Streaming Combinators and Extracting Flat Parallelism

Posted on June 25, 2017 by Troels Henriksen

This Tuesday I presented Futhark at PLDI, a large academic conference on programming language design and implementation. The associated paper is available (paper PDF), but makes for somewhat dry reading. This blog post covers the main points of the presentation, demonstrated by examples, in a way that may be more accessible than the paper. This is a bit of a long post, but logically divided into two parts. The first half introduces the basics of the Futhark language and shows its application to a small problem. The second half contains a more complicated example of how nested parallelism is turned into GPU-friendly flat parallelism. There is also a short conclusion at the end with measurements of how Futhark-generated code compares in performance to hand-written GPU programs. Scroll to the end if you enjoy looking at numbers and graphs.

Problem Statement

It is old news that parallel computers have become mainstream. It is also widely acknowledged that we still lack good models and languages for programming them. The problem becomes even more severe when we leave the relatively benign world of multi-core CPUs and begin to consider such devices as GPUs, which have evolved into massively parallel machines for general-purpose computation. Saturating a GPU typically requires tens of thousands of lightweight threads with minimal communication or shared state. Traditional sequential and imperative languages are a poor fit.
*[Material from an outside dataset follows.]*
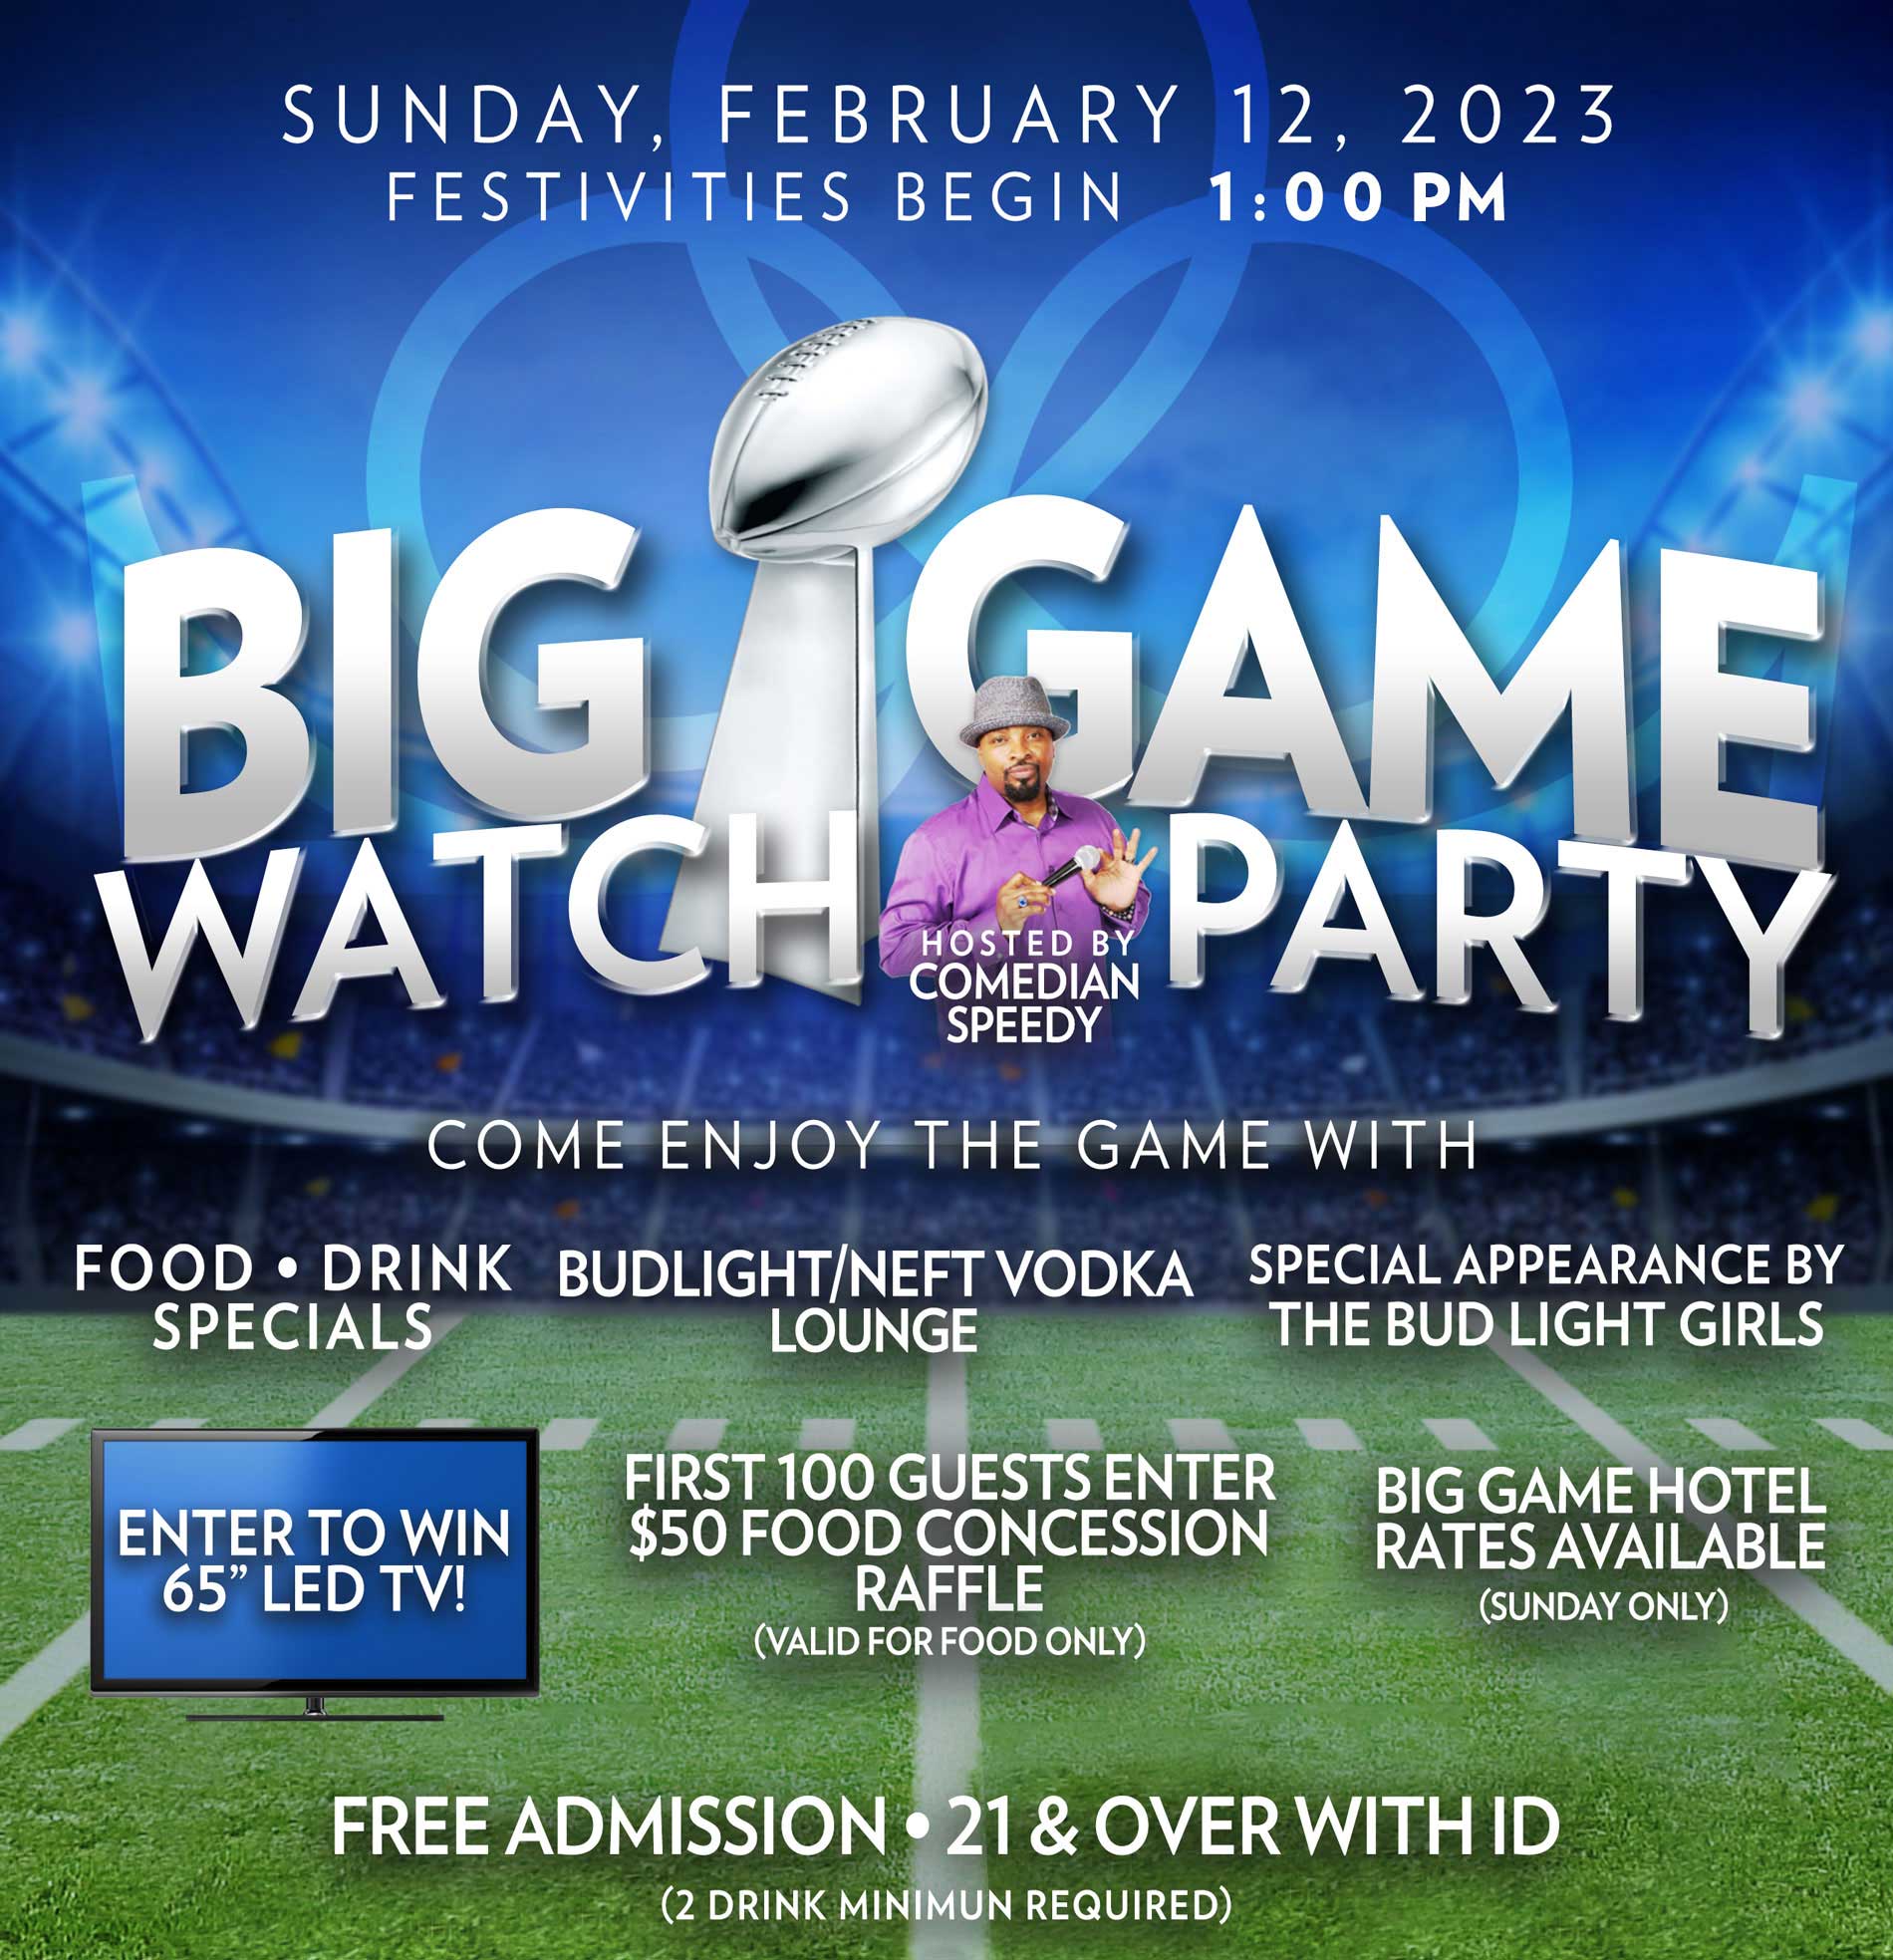 The Big Game Viewing Party at The Commerce

Functional languages are often mentioned as a solution to the parallelism problem, as they do not rely as much on evaluation order or side effects. For example, a map function can process each element in parallel, and a reduce can shrink an array to one element through repeated parallel application of a function to pairs of elements in the input array.

Unfortunately, life is not that easy. While the functional style indeed makes parallelism explicit, safe and correct, it is not automatically a good fit for a GPU. One major problem is that GPUs support only a restricted form of parallelism (efficiently, at least). The parallelism must be flat, meaning that one parallel thread may not spawn more threads. Further, code running on the GPU may not allocate memory - all allocation must be done prior to starting GPU execution, by controller code running on the CPU. There are further restrictions on how memory must be accessed to obtain high efficiency, and a myriad of other hindrances such as too little stack to implement recursion, and the absence of function pointers. By itself, functional programming does not address these problems, and existing functional languages like OCaml or Haskell are too large and expressive to ever run well on a device as restricted as a GPU.

But all is not lost: the right solution, we believe, is to carefully design a small functional language that has just the features and restrictions to enable the construction of an aggressively optimising compiler capable of generating GPU code. This compiler will worry about all the low-level details, leaving the programmer solely concerned with how best to express the parallelism in their algorithm. We have spent the last four years constructing such a language and compiler, and we call it Futhark.

The Language

Futhark is a small data-parallel purely functional array language that resembles a cross between Haskell and OCaml. Parallelism is expressed through built-in second-order array combinators (SOACs) that resemble higher-order functions known from functional programming. For example, we can define a function that takes a one-dimensional array of integers of input and increments each by two:

let add_two [n] (a: [n]i32): [n]i32 = map (+2) a

Note the shape declarations: we indicate that there is some size n, and that both the result and input to the function are one-dimensional arrays of size n. We do not have to pass the size n explicitly when we call the function; rather it is automatically inferred when we pass the array argument for a.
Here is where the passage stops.